Initial total momentum = Final total momentum
Let's calculate the initial total momentum of the system:
Initial momentum of ball A = mass of A × initial velocity of A
Initial momentum of A = 0.5 kg × 4 ms-1 = 2 kg ms-1
Initial momentum of ball B = mass of B × initial velocity of B
Initial momentum of B = 0.8 kg × 0 ms-1 = 0 kg ms-1
Initial total momentum = 2 kg ms-1 + 0 kg ms-1 = 2 kg ms-1
Now, let's calculate the final total momentum of the system after the collision:
Final momentum of ball A = mass of A × final velocity of A
Final momentum of A = 0.5 kg × 1 ms-1 = 0.5 kg ms-1
Final momentum of ball B = mass of B × final velocity of B
Let's assume the final velocity of ball B is "v" ms-1.

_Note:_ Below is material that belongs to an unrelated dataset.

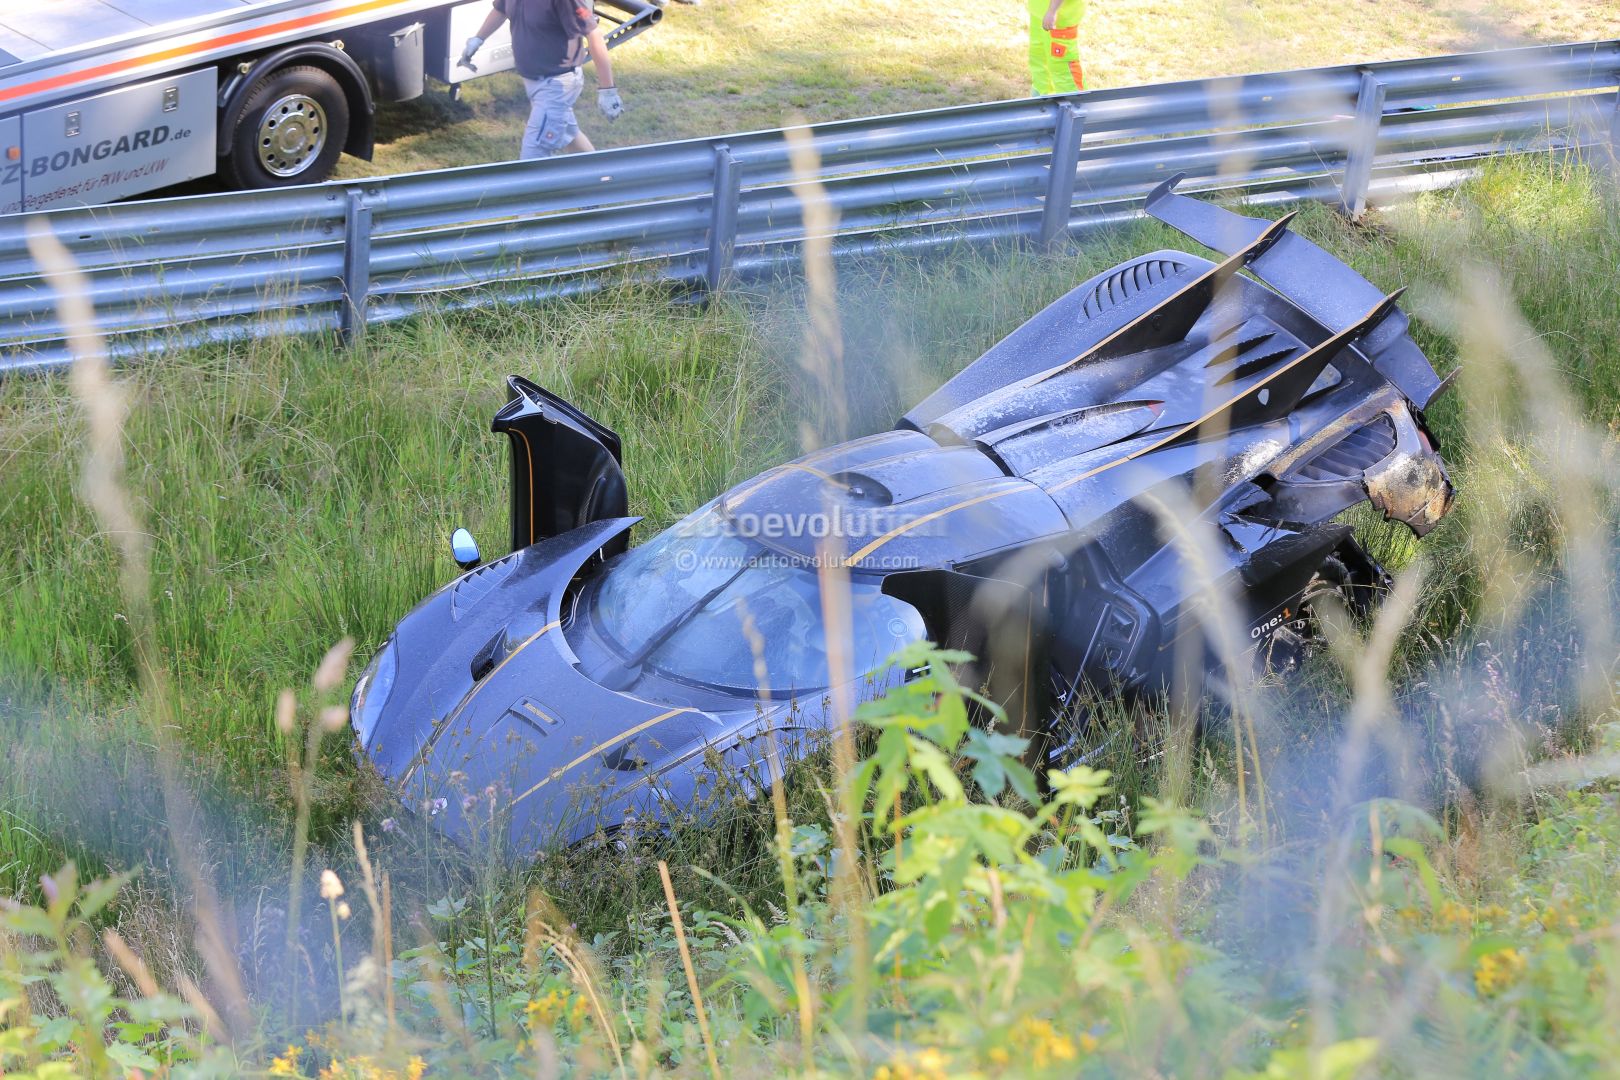 koenigsegg-one1-destroyed-in-brutal-nurburgring-crash-hypercar-caught-fire_11

Final momentum of B = 0.8 kg × v = 0.8v kg ms-1
Final total momentum = 0.5 kg ms-1 + 0.8v kg ms-1 = 0.8v + 0.5 kg ms-1
According to the law of conservation of momentum, initial total momentum = final total momentum:
2 kg ms-1 = 0.8v + 0.5 kg ms-1
Now solve for "v":
2 kg ms-1 - 0.5 kg ms-1 = 0.8v
1.5 kg ms-1 = 0.8v
v = 1.5 kg ms-1 / 0.8
v ≈ 1.875 ms-1
The velocity of ball B after the collision is approximately 1.9 ms-1.
FAQs
1. What are the three laws of motion proposed by Sir Isaac Newton?
Sir Isaac Newton proposed three fundamental principles of motion, which constitute the foundation of classical mechanics:
- Newton's First Law of Motion (Law of Inertia)
- Newton's Second Law of Motion (Law of Acceleration)
- Newton's Third Law of Motion
2. What are the different types of forces?
There are several types of forces, including:
- Contact forces: Such as friction, tension, normal force.
- Non-contact forces: Such as gravity, magnetic force, electrostatic force.
3. What is Newton's First Law of Motion?
Newton's First Law, also known as the Law of Inertia, states that an object will remain at rest or continue moving at a constant velocity unless acted upon by an external force.
4. What is the difference between mass and weight?
Mass refers to the quantity of mass in an item that stays constant regardless of its position. Weight, on the other hand, is the force imposed on an item by gravity, which changes with the gravitational attraction acting on the object.
5. What are some examples of circular motion governed by the laws of motion?
Newton's laws can help us understand circular motion. These principles are used, for example, to describe the motion of a satellite circling the Earth or an automobile turning around a curve.